If your pre-boil volume and gravity are spot on, and your final volume is spot on there is no way you can miss your final gravity, there has to be some miscalculation in your recipe or if you are using some beer software it´s probably not well adjusted.
Boiling the wort will anly reduce your volume and therefore increase the gravity of your wort it´s impossible to loose sugar during the boil,
 
Obliviousbrew said:
If your pre-boil volume and gravity are spot on, and your final volume is spot on there is no way you can miss your final gravity, there has to be some miscalculation in your recipe or if you are using some beer software it´s probably not well adjusted.
Boiling the wort will anly reduce your volume and therefore increase the gravity of your wort it´s impossible to loose sugar during the boil,

I know. This is what has me so baffled. I'm very meticulous about my measurements. I'm beginning to think my therminator has a leak in it, thinning out my wort as I chill it. Next time I'll take a sample before chilling and one after and compare the results.

As far as software goes I use BeerSmith and got my numbers off their forum. Anybody have better numbers for the 20L?

Thanks,
Brian
 
May I assume you are using a hydrometer, not a refractometer? If so, are you allowing the wort to cool to ~70F before taking a reading? and are you correcting for temperature?

Could your hydrometer have gotten bumped and damaged, such that the scale is able to move?
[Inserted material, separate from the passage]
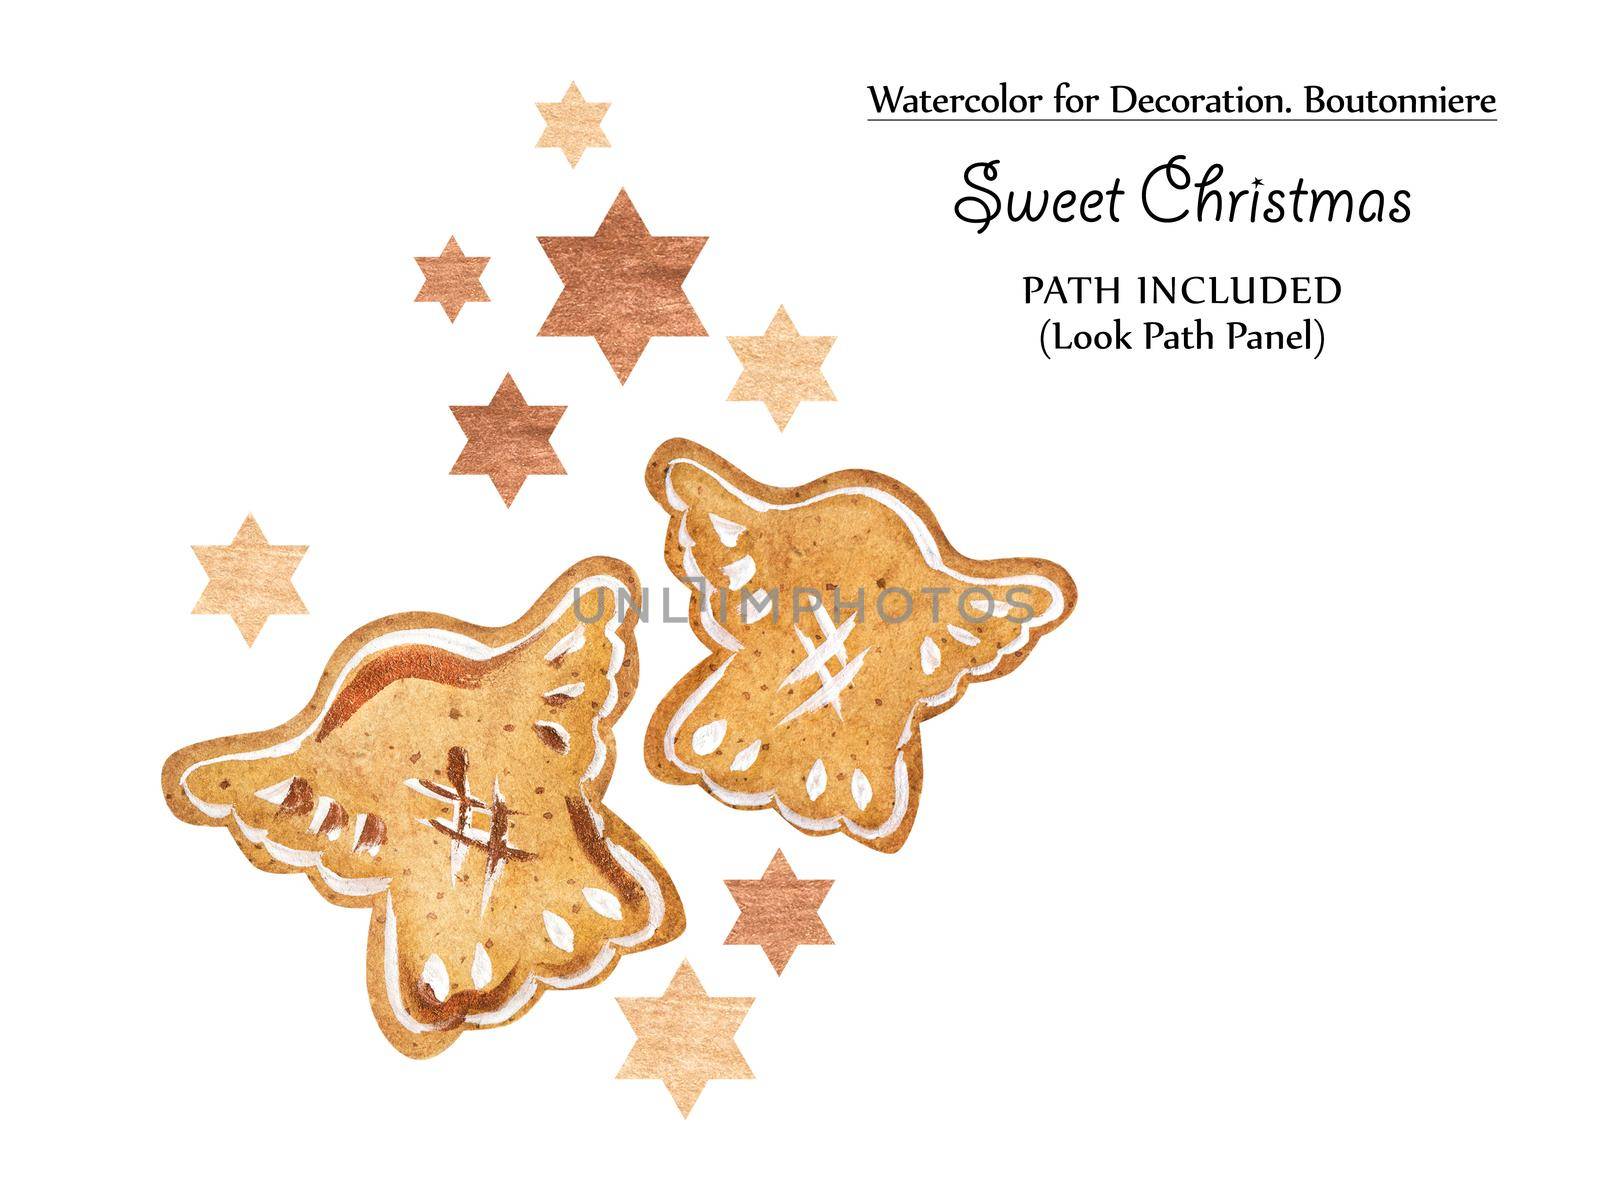 Sweet vignettes with gingerbreads and golden stars by Xeniasnowstorm

Yes, I use a hydrometer and have calibrated it with distiller water. It seems to be fine. All my other readings are normal so I'm investigating other areas in my system. Unfortunately this was not a one time issue, it's been a consistent problem for the last couple of months. I'm thinking maybe my therminator is leaking. I've talked to Blichman and they're helping me with that.

Thanks,
Brian
 
Yes, I use a hydrometer and have calibrated it with distiller water. It seems to be fine. All my other readings are normal so I'm investigating other areas in my system. Unfortunately this was not a one time issue, it's been a consistent problem for the last couple of months. I'm thinking maybe my therminator is leaking. I've talked to Blichman and they're helping me with that.

Thanks,
Brian

If you're hitting your final volume it doesn't really make sense that your chiller is leaking. To have no change in gravity from pre to post boil means you'd have to leak the same amount you've evaporated in which case your final volume would equal your starting volume. For the sake of being thorough you could try checking your hydrometer in a known sugar solution. Dissolve 10g of sugar in 90g of distilled water and see if it reads 1.040. Don't forget to adjust for whatever temperature your hydrometer is calibrated at.

Robert
 
If you're hitting your final volume it doesn't really make sense that your chiller is leaking. To have no change in gravity from pre to post boil means you'd have to leak the same amount you've evaporated in which case your final volume would equal your starting volume. For the sake of being thorough you could try checking your hydrometer in a known sugar solution. Dissolve 10g of sugar in 90g of distilled water and see if it reads 1.040. Don't forget to adjust for whatever temperature your hydrometer is calibrated at.

Robert

My bad, I misused terminology. When I said final volume I was talking about as measured in the Braumeister before transferring to fermenter. I will test my hydrometer again using your suggestion. Thanks.